A semiconductor component for a memory device is provided. The semiconductor component comprises a first active region extending in a first direction; a second active region extending in the first direction; a first conductive layer disposed across the first active region and the second active region, in a second direction substantially perpendicular to the first direction; a second conductive layer extending in the first direction; and a first conductive via connecting the first conductive layer and the second conductive layer.

Description

BACKGROUND

The present disclosure relates, in general, to semiconductor circuits for memory devices and methods of manufacturing the same. Specifically, the present disclosure relates to on-die termination (ODT) circuits for memory devices and methods of manufacturing the same.

In the field of electronics, electrical termination is the practice of ending a transmission line with a device that matches the characteristic impedance of the line. The electrical termination prevents signals from reflecting off the end of the transmission line. Reflections at the ends of unterminated transmission lines cause distortion which can produce ambiguous digital signal levels and mis-operation of digital systems. Reflections in analog signal systems cause effects such as video ghosting, or power loss in radio transmitter transmission lines.
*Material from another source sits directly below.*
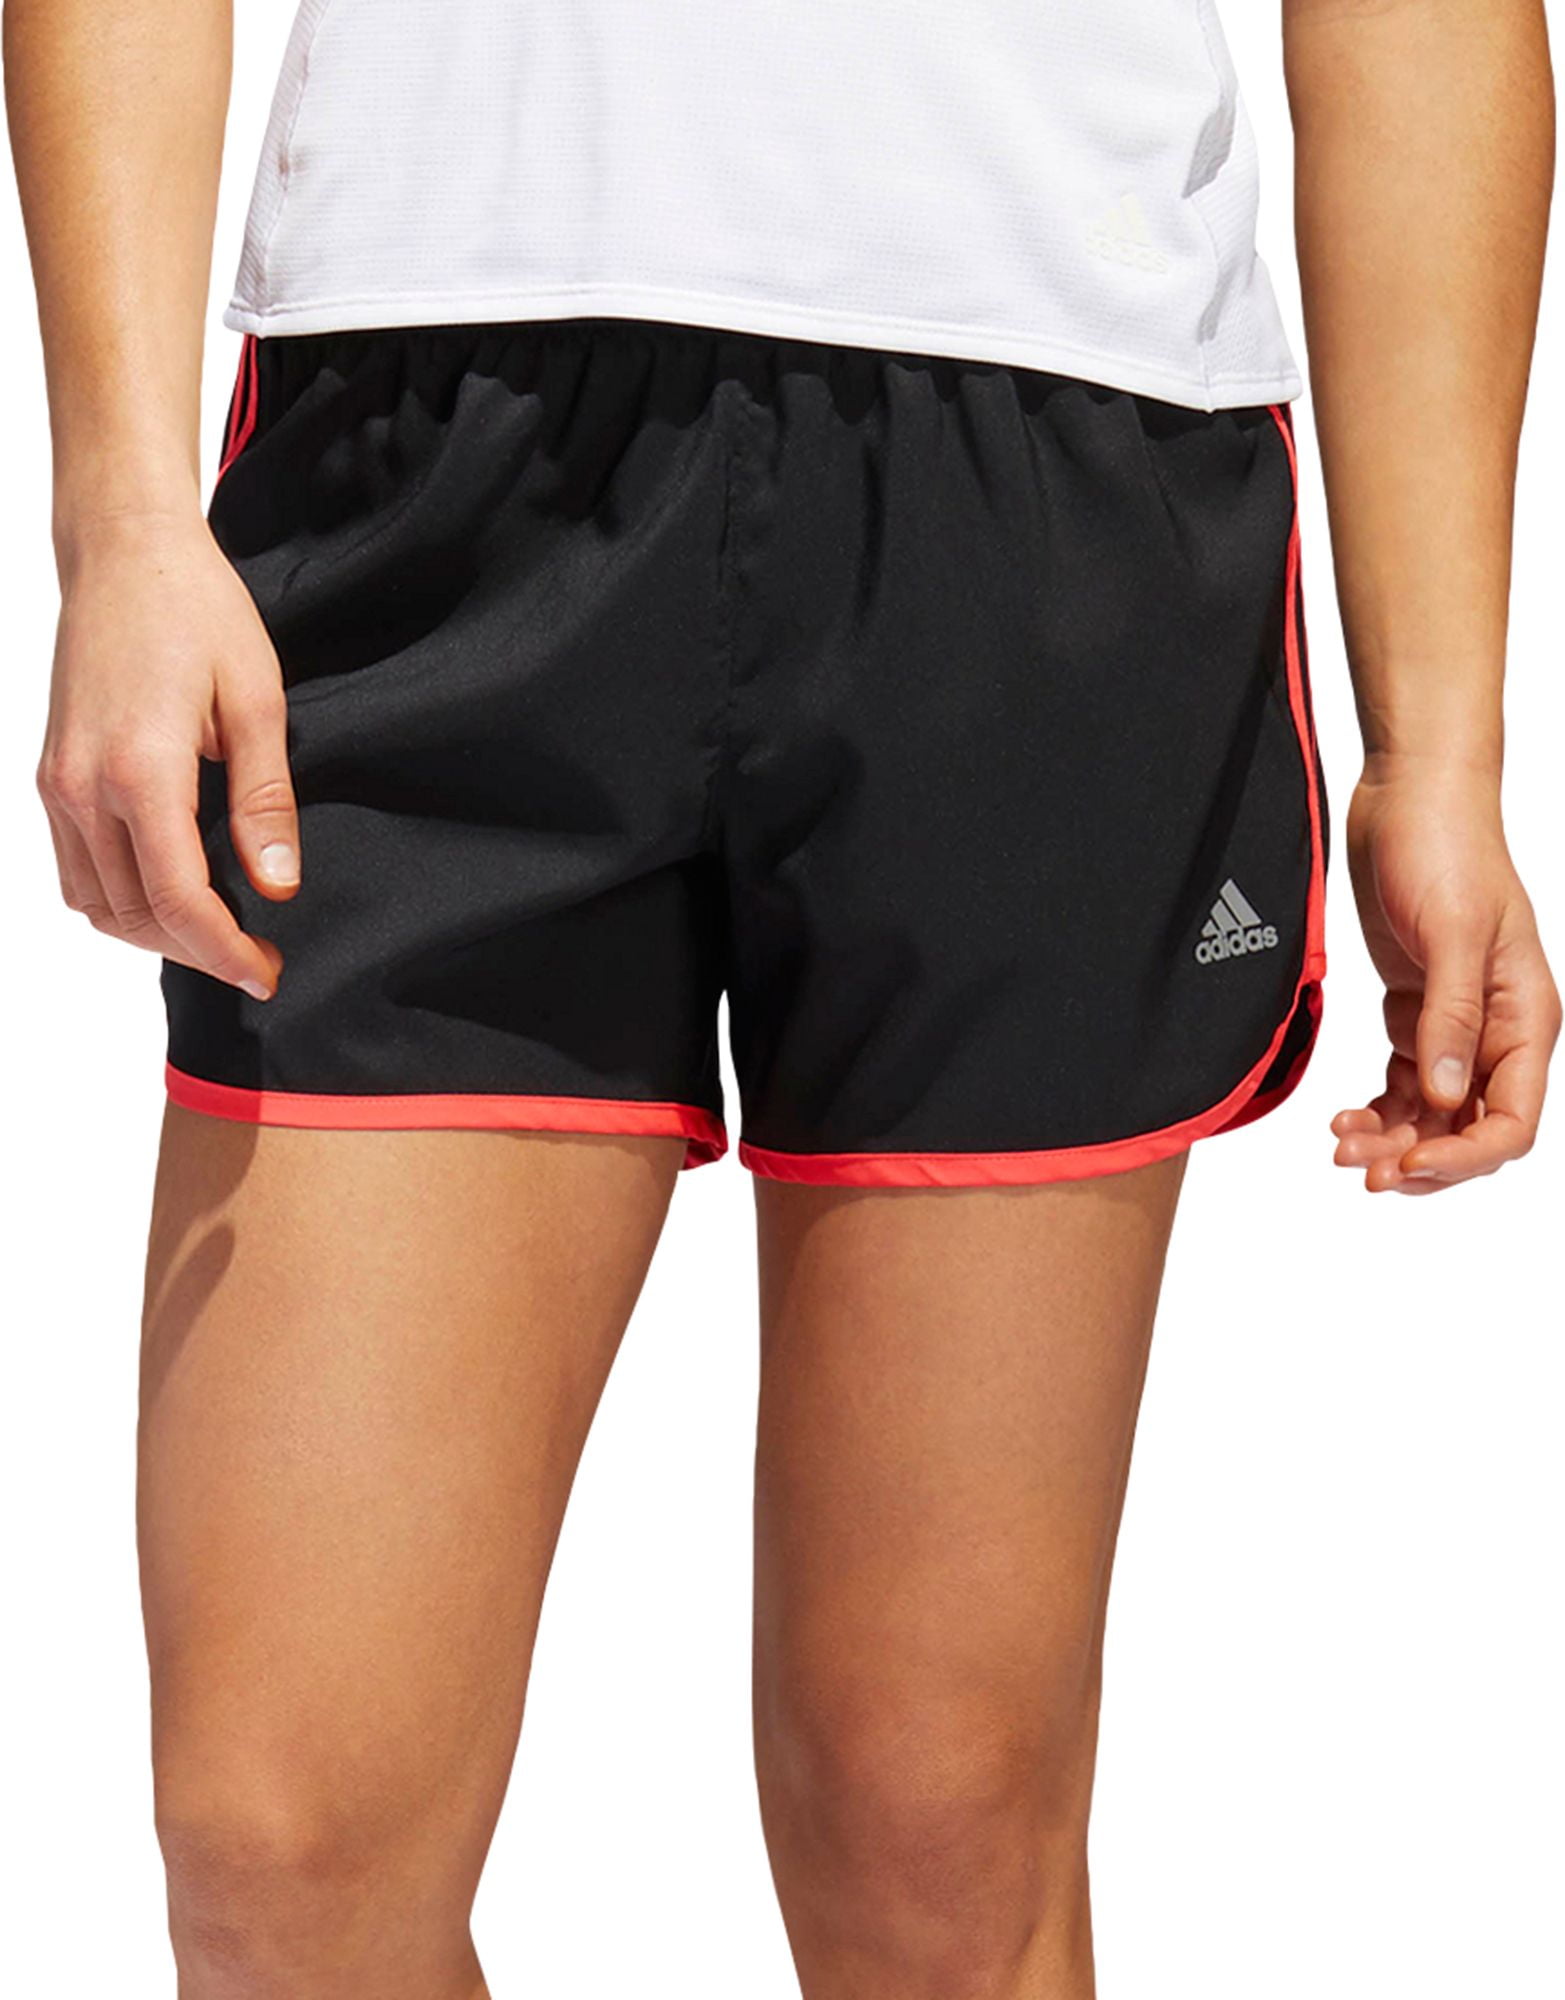 adidas marathon 20 running shorts

On-die termination (ODT) is a technology wherein the electrical termination for impedance matching in transmission lines is located inside a semiconductor chip instead of on a printed circuit board (PCB). In the field of memory devices, such as double data rate synchronous dynamic random access memory (DDR SDRAM) or LPDDR (Low Power DDR) SDRAM, high linearity is required for similar resistance under different pad voltage. In the existing techniques, titanium nitride (TiN) resistors are usually used in order to enhance the linearities for the drivers or the ODTs of DDR/LPDDR. Nevertheless, the size or dimension of a TiN resistor cannot be reduced as the manufacturing process evolves. Furthermore, routings between TiN resistors and transistors would also be an issue in achieving a more compact size for memory devices.
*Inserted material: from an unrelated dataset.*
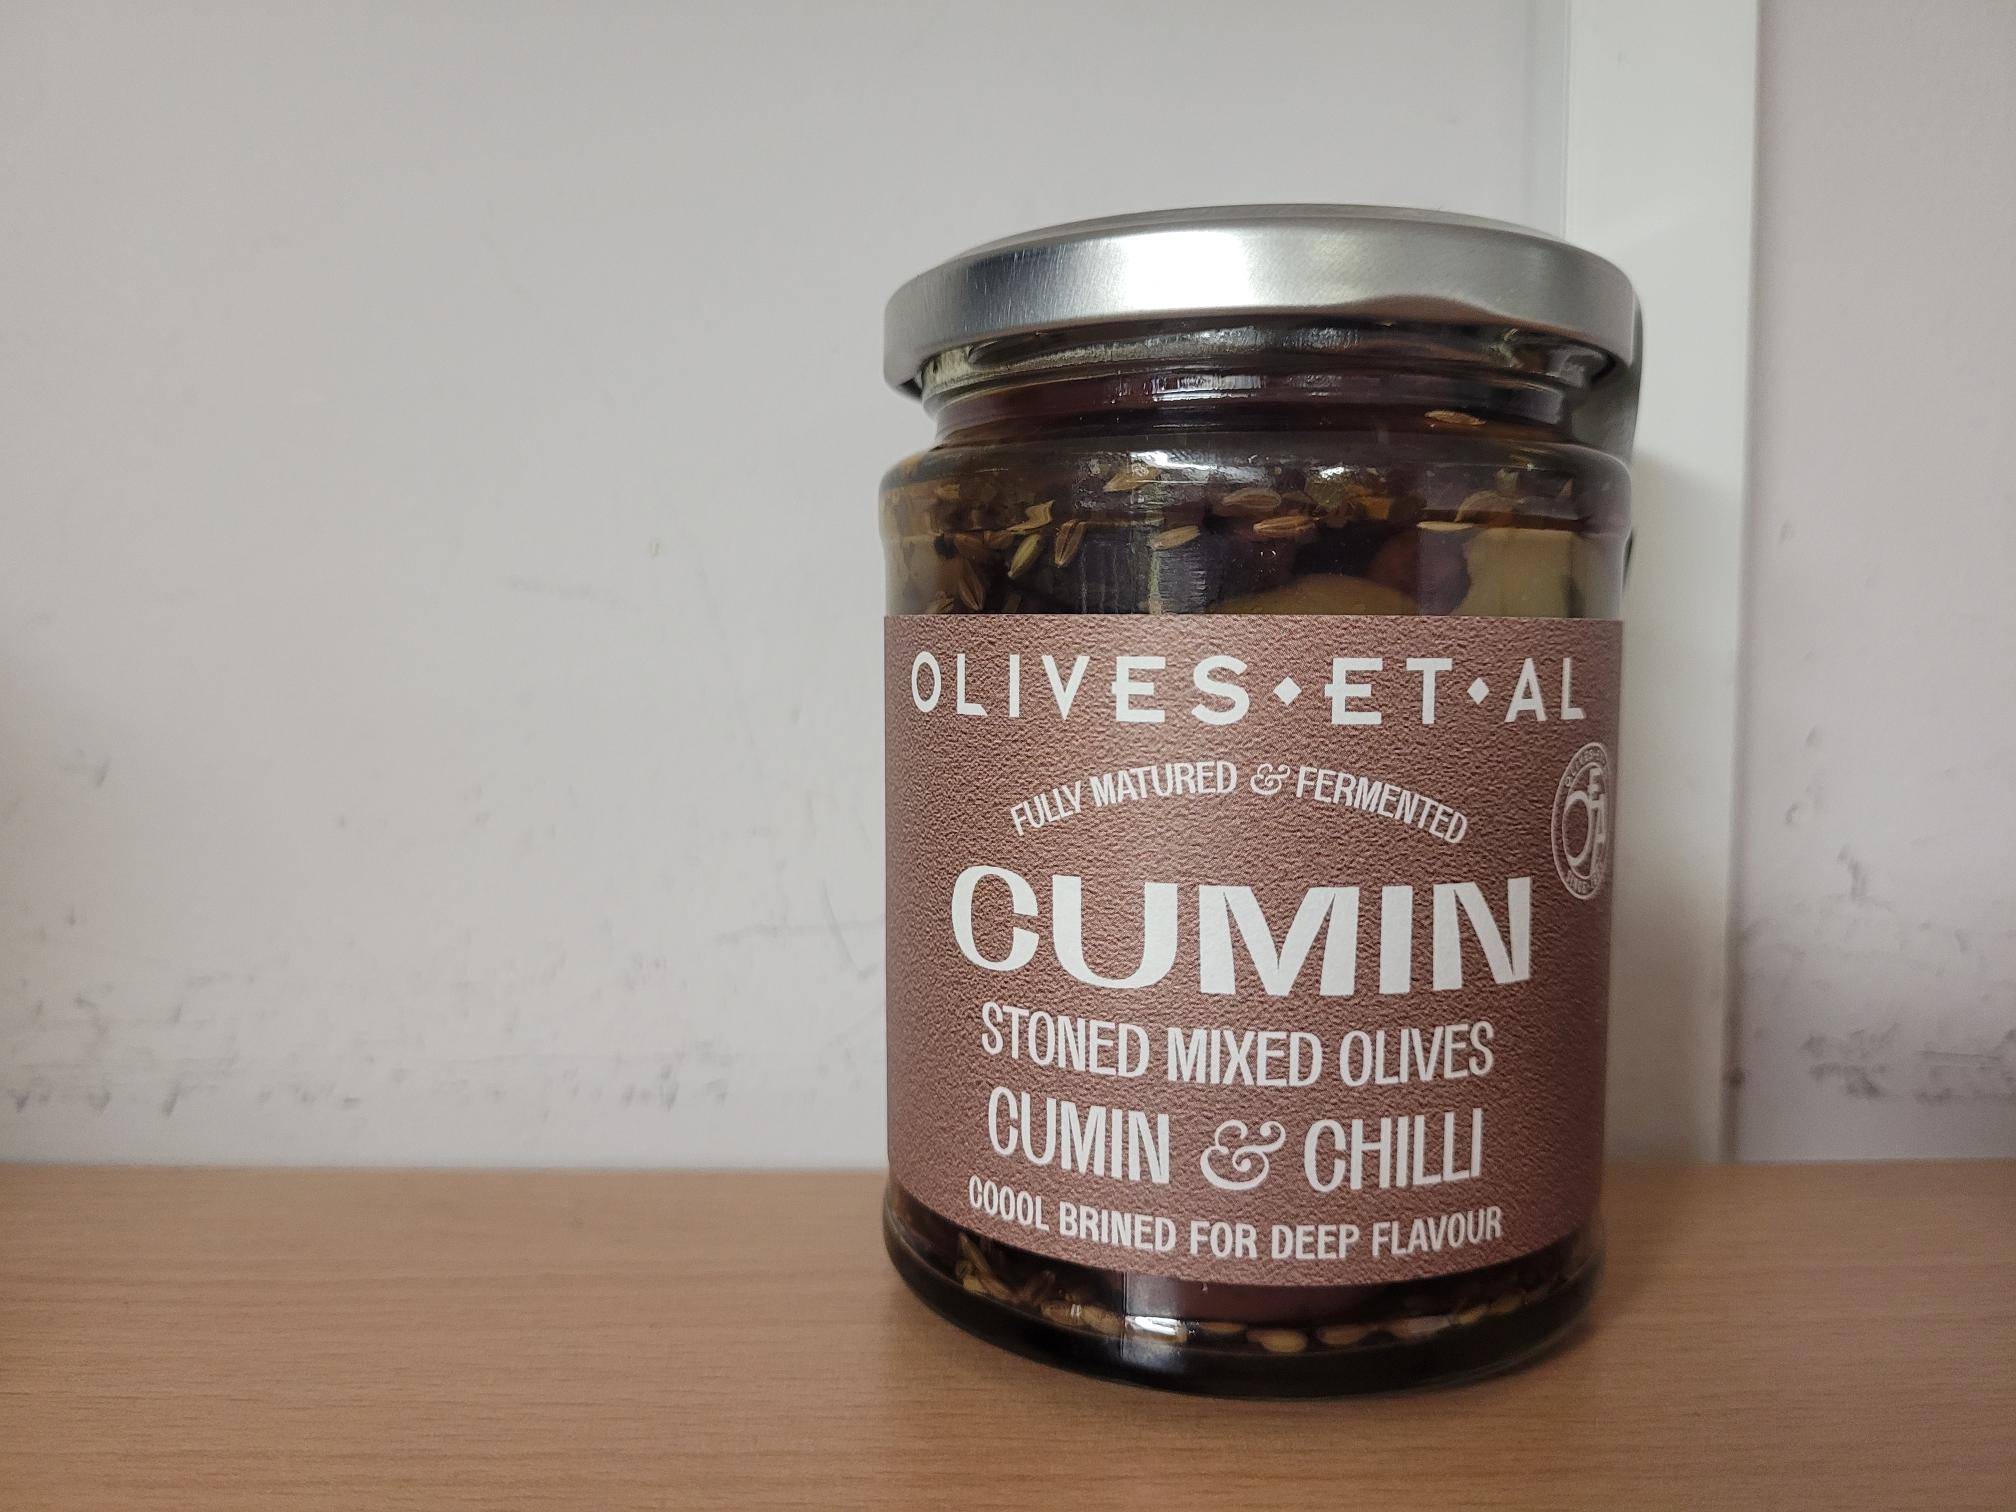 Olives et Al Cumin & Chilli Olives

BRIEF DESCRIPTION OF THE DRAWINGS

Aspects of the embodiments of the present disclosure are best understood from the following detailed description when read with the accompanying figures. It should be noted that, in accordance with the standard practice in the industry, various structures are not drawn to scale. In fact, the dimensions of the various structures may be arbitrarily increased or reduced for clarity of discussion.
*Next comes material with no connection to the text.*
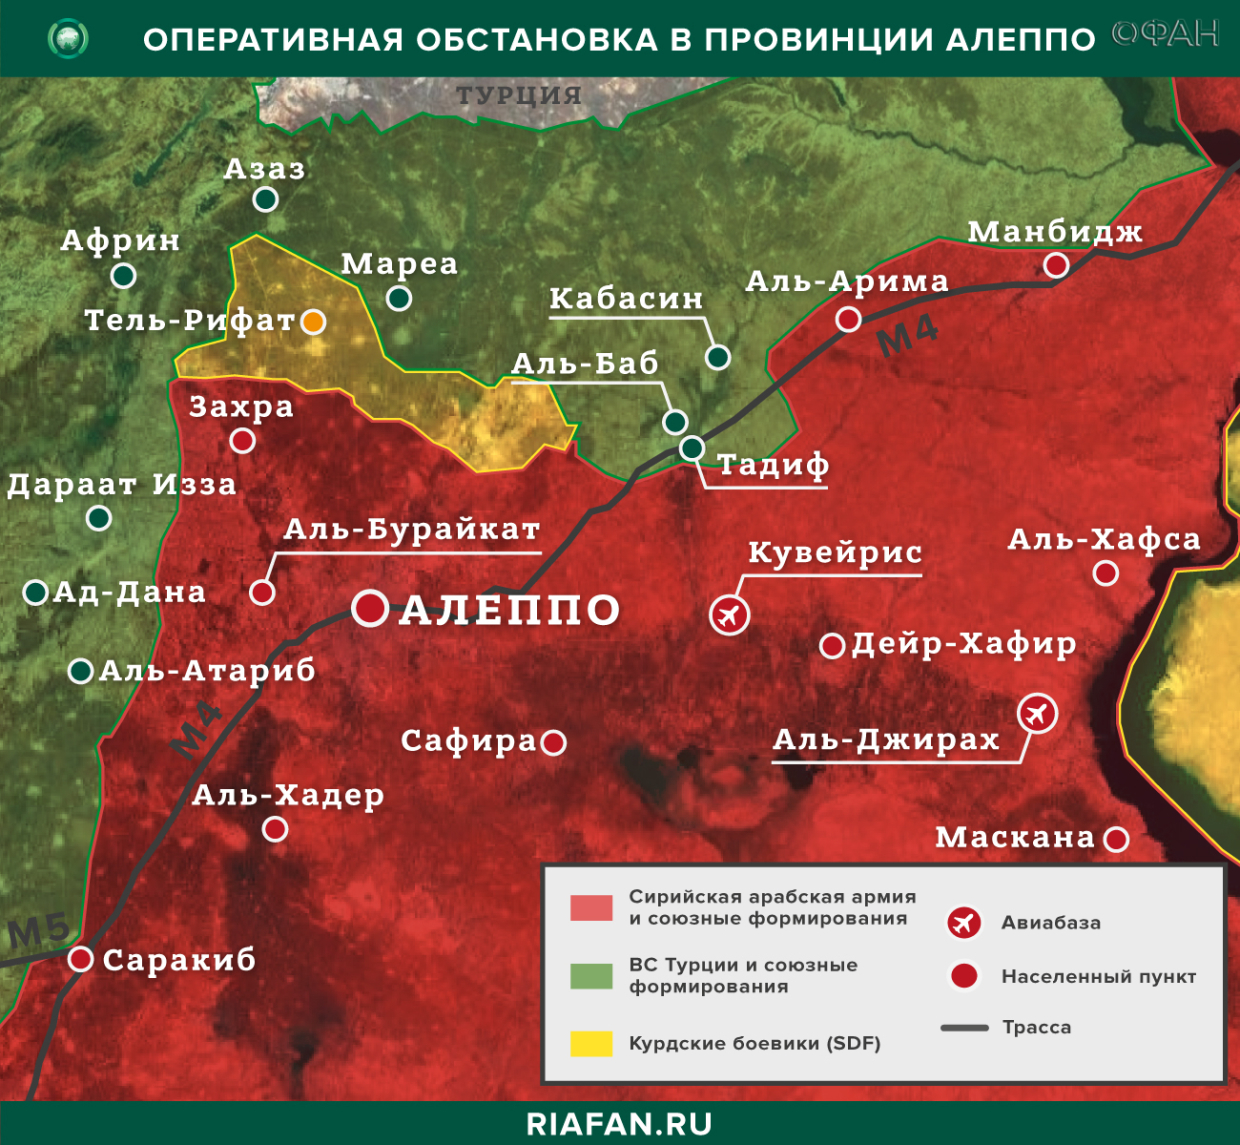 叙利亚新闻 31 八月 16.30: 土耳其武装部队开始在伊德利卜建设新检查站

FIG. 1 illustrates a top view of a semiconductor device, in accordance with some embodiments of the present disclosure.

FIG. 2 illustrates a top view of a semiconductor device, in accordance with some embodiments of the present disclosure.

FIG. 3 illustrates a top view of a semiconductor device, in accordance with some embodiments of the present disclosure.

FIG. 4A illustrates a schematic view of a circuit, in accordance with some embodiments of the present disclosure.

FIG. 4B illustrates a schematic view of a semiconductor layout, in accordance with some embodiments of the present disclosure.

FIG. 5 illustrates a schematic view of a circuit, in accordance with some embodiments of the present disclosure.

FIG. 6 illustrates a top view of a semiconductor device, in accordance with some embodiments of the present disclosure.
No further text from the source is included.